In the first period, the conversation focused on fear and the ways it keeps us silent. Lorde's comment about how fears keep us silent and that, by putting them under "scrutiny" we can begin to be free of them, spurred a conversation of what kinds of fears make us silent. 
Fear of actually facing violence, said ZE.
Fear of facing incarceration if we are guilty, said DI.
Fear of people's reactions if we tell them we are sick, like if we have HIV, said AM.
Fear of being abused, or of telling someone that we've been abused, said MY.
Fear of angry parents if we tell them that we are in a relationship, said AA.  
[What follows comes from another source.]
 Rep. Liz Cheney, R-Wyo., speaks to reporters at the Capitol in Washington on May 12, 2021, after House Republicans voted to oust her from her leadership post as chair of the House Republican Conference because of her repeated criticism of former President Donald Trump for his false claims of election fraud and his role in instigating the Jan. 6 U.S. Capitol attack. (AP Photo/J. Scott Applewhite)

Before we read Lorde's words about encouraging each other, I asked students how we overcome these fears. They said "raise your voice; be confident" and I said that those things are hard. How do we gain the confidence to raise our voice? Practice, they said, and encourage each other. This is exactly what Lorde tells us, I said. We looked at the section where Lorde says that "We can train ourselves to respect our feelings, and to discipline (transpose) them into a language that matches those feelings so they can be shared. And where the language does not yet exist, it is our poetry which helps to fashion it." 

Image result for audre lorde poetry is not a luxuryWe had just written poetry at the beginning of class, a stanza of lines all of which began with "I". When we reached this point in the discussion, we could say "That was training. Lorde would congratulate us here on doing the hard work of looking within and asking 'What and who am I?'" We then talked, in both first and second periods, about what that takes courage. Why is it hard to turn the spotlight towards ourselves? 
Because sometimes we've made mistakes and done things we don't want to look at, said MN.
Because we like to put the past in the past, and pretend it has no power, said ZA.

_________

At the beginning of the period, as I told the classes that their homework was to read two poems by Langston Hughes, I said that it was his poetry was caused me to like poetry. "I didn't like any of the poetry we read in high school," I told them, to which RA said "Me neither!" I thought this was great, I always love the candor of what RA says. So I said "I'm so glad you said that, because it reminds me to say to you, even if you don't like any of the poetry we are reading now, don't give up on poetry, because there are a million kinds, and you might connect really well to some other kind of poetry. Don't do what I did, which is graduate thinking 'aw, poetry is just not for me.'"

I was going to make a comparison to what people have told me about beer - "you just haven't found the right one yet!" But I didn't. 

I've been thinking what kind of academic writing I could do about what goes on in my classroom, and I feel like reflecting on being a white teacher in a classroom of African and Asian and South American students might be fruitful line of inquiry to pursue.